| Stored items |
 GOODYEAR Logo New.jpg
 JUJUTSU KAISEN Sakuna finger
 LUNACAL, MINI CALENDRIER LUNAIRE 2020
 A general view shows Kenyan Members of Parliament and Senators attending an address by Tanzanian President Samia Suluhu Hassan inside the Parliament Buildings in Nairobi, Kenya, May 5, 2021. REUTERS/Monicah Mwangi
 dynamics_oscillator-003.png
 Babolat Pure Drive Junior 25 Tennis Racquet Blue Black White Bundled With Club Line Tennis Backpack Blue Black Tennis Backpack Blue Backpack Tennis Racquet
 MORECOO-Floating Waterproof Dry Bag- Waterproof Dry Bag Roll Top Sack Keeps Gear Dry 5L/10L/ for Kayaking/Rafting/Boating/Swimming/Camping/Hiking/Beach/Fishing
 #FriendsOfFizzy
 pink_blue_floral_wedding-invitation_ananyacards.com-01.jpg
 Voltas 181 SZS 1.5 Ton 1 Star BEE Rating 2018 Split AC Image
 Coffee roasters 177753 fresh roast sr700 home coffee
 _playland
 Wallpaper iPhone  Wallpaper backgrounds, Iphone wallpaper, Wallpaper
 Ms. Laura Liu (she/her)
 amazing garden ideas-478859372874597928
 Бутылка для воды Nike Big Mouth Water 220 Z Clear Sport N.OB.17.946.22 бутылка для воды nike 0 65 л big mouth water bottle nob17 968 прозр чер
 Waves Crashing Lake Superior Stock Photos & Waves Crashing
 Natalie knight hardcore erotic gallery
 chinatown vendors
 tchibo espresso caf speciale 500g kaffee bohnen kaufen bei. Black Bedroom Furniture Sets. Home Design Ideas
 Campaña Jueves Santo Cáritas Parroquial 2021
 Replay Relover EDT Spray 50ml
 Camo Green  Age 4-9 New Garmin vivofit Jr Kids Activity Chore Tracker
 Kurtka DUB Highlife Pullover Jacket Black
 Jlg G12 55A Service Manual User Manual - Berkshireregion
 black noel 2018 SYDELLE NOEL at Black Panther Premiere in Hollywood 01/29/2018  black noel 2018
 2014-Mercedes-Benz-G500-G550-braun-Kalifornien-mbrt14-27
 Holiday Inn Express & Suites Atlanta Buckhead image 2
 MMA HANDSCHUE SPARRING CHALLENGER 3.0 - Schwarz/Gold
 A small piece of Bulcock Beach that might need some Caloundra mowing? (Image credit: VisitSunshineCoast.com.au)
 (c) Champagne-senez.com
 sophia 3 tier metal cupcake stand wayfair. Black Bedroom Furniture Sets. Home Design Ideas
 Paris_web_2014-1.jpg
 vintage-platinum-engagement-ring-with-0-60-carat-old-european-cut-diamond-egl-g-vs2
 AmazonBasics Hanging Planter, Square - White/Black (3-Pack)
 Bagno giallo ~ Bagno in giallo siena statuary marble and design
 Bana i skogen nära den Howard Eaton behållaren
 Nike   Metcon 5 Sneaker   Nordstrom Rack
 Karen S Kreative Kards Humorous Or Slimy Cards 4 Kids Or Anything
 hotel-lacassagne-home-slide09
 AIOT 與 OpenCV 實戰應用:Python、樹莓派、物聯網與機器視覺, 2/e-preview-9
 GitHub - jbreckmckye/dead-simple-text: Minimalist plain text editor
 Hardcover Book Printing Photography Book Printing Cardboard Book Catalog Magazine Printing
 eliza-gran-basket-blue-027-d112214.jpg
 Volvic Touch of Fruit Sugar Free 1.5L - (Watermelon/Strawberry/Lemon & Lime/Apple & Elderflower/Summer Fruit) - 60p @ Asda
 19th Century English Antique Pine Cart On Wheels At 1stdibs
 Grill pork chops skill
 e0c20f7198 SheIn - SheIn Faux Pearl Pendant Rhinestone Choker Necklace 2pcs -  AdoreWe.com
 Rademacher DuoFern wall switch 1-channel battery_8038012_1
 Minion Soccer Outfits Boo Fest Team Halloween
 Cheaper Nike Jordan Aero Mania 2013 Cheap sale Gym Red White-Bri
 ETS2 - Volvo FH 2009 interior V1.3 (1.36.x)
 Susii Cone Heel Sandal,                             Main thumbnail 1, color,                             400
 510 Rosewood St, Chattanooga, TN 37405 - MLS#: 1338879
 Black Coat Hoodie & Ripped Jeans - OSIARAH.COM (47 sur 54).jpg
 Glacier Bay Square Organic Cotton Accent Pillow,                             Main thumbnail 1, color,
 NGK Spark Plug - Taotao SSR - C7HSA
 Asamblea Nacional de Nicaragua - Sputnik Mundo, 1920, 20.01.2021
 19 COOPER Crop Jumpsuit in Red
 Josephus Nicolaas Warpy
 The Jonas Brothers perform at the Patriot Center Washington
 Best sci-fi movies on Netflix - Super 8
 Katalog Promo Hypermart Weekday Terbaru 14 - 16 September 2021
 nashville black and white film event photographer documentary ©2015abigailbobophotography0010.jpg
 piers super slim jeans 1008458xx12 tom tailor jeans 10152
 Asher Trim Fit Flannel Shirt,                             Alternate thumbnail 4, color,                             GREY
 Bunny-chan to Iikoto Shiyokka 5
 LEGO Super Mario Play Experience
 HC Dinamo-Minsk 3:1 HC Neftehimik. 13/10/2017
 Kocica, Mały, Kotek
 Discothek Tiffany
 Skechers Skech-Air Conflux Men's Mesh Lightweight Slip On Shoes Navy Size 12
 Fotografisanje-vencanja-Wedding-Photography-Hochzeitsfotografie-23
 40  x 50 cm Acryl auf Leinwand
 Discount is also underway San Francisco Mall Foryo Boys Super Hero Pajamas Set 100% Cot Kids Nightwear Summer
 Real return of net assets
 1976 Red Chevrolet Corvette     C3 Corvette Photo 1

| ASSIGNMENT |
In full and without change, transcribe the data above.

| EXPECTED ANSWER |
 GOODYEAR Logo New.jpg
 JUJUTSU KAISEN Sakuna finger
 LUNACAL, MINI CALENDRIER LUNAIRE 2020
 A general view shows Kenyan Members of Parliament and Senators attending an address by Tanzanian President Samia Suluhu Hassan inside the Parliament Buildings in Nairobi, Kenya, May 5, 2021. REUTERS/Monicah Mwangi
 dynamics_oscillator-003.png
 Babolat Pure Drive Junior 25 Tennis Racquet Blue Black White Bundled With Club Line Tennis Backpack Blue Black Tennis Backpack Blue Backpack Tennis Racquet
 MORECOO-Floating Waterproof Dry Bag- Waterproof Dry Bag Roll Top Sack Keeps Gear Dry 5L/10L/ for Kayaking/Rafting/Boating/Swimming/Camping/Hiking/Beach/Fishing
 #FriendsOfFizzy
 pink_blue_floral_wedding-invitation_ananyacards.com-01.jpg
 Voltas 181 SZS 1.5 Ton 1 Star BEE Rating 2018 Split AC Image
 Coffee roasters 177753 fresh roast sr700 home coffee
 _playland
 Wallpaper iPhone  Wallpaper backgrounds, Iphone wallpaper, Wallpaper
 Ms. Laura Liu (she/her)
 amazing garden ideas-478859372874597928
 Бутылка для воды Nike Big Mouth Water 220 Z Clear Sport N.OB.17.946.22 бутылка для воды nike 0 65 л big mouth water bottle nob17 968 прозр чер
 Waves Crashing Lake Superior Stock Photos & Waves Crashing
 Natalie knight hardcore erotic gallery
 chinatown vendors
 tchibo espresso caf speciale 500g kaffee bohnen kaufen bei. Black Bedroom Furniture Sets. Home Design Ideas
 Campaña Jueves Santo Cáritas Parroquial 2021
 Replay Relover EDT Spray 50ml
 Camo Green  Age 4-9 New Garmin vivofit Jr Kids Activity Chore Tracker
 Kurtka DUB Highlife Pullover Jacket Black
 Jlg G12 55A Service Manual User Manual - Berkshireregion
 black noel 2018 SYDELLE NOEL at Black Panther Premiere in Hollywood 01/29/2018  black noel 2018
 2014-Mercedes-Benz-G500-G550-braun-Kalifornien-mbrt14-27
 Holiday Inn Express & Suites Atlanta Buckhead image 2
 MMA HANDSCHUE SPARRING CHALLENGER 3.0 - Schwarz/Gold
 A small piece of Bulcock Beach that might need some Caloundra mowing? (Image credit: VisitSunshineCoast.com.au)
 (c) Champagne-senez.com
 sophia 3 tier metal cupcake stand wayfair. Black Bedroom Furniture Sets. Home Design Ideas
 Paris_web_2014-1.jpg
 vintage-platinum-engagement-ring-with-0-60-carat-old-european-cut-diamond-egl-g-vs2
 AmazonBasics Hanging Planter, Square - White/Black (3-Pack)
 Bagno giallo ~ Bagno in giallo siena statuary marble and design
 Bana i skogen nära den Howard Eaton behållaren
 Nike   Metcon 5 Sneaker   Nordstrom Rack
 Karen S Kreative Kards Humorous Or Slimy Cards 4 Kids Or Anything
 hotel-lacassagne-home-slide09
 AIOT 與 OpenCV 實戰應用:Python、樹莓派、物聯網與機器視覺, 2/e-preview-9
 GitHub - jbreckmckye/dead-simple-text: Minimalist plain text editor
 Hardcover Book Printing Photography Book Printing Cardboard Book Catalog Magazine Printing
 eliza-gran-basket-blue-027-d112214.jpg
 Volvic Touch of Fruit Sugar Free 1.5L - (Watermelon/Strawberry/Lemon & Lime/Apple & Elderflower/Summer Fruit) - 60p @ Asda
 19th Century English Antique Pine Cart On Wheels At 1stdibs
 Grill pork chops skill
 e0c20f7198 SheIn - SheIn Faux Pearl Pendant Rhinestone Choker Necklace 2pcs -  AdoreWe.com
 Rademacher DuoFern wall switch 1-channel battery_8038012_1
 Minion Soccer Outfits Boo Fest Team Halloween
 Cheaper Nike Jordan Aero Mania 2013 Cheap sale Gym Red White-Bri
 ETS2 - Volvo FH 2009 interior V1.3 (1.36.x)
 Susii Cone Heel Sandal,                             Main thumbnail 1, color,                             400
 510 Rosewood St, Chattanooga, TN 37405 - MLS#: 1338879
 Black Coat Hoodie & Ripped Jeans - OSIARAH.COM (47 sur 54).jpg
 Glacier Bay Square Organic Cotton Accent Pillow,                             Main thumbnail 1, color,
 NGK Spark Plug - Taotao SSR - C7HSA
 Asamblea Nacional de Nicaragua - Sputnik Mundo, 1920, 20.01.2021
 19 COOPER Crop Jumpsuit in Red
 Josephus Nicolaas Warpy
 The Jonas Brothers perform at the Patriot Center Washington
 Best sci-fi movies on Netflix - Super 8
 Katalog Promo Hypermart Weekday Terbaru 14 - 16 September 2021
 nashville black and white film event photographer documentary ©2015abigailbobophotography0010.jpg
 piers super slim jeans 1008458xx12 tom tailor jeans 10152
 Asher Trim Fit Flannel Shirt,                             Alternate thumbnail 4, color,                             GREY
 Bunny-chan to Iikoto Shiyokka 5
 LEGO Super Mario Play Experience
 HC Dinamo-Minsk 3:1 HC Neftehimik. 13/10/2017
 Kocica, Mały, Kotek
 Discothek Tiffany
 Skechers Skech-Air Conflux Men's Mesh Lightweight Slip On Shoes Navy Size 12
 Fotografisanje-vencanja-Wedding-Photography-Hochzeitsfotografie-23
 40  x 50 cm Acryl auf Leinwand
 Discount is also underway San Francisco Mall Foryo Boys Super Hero Pajamas Set 100% Cot Kids Nightwear Summer
 Real return of net assets
 1976 Red Chevrolet Corvette     C3 Corvette Photo 1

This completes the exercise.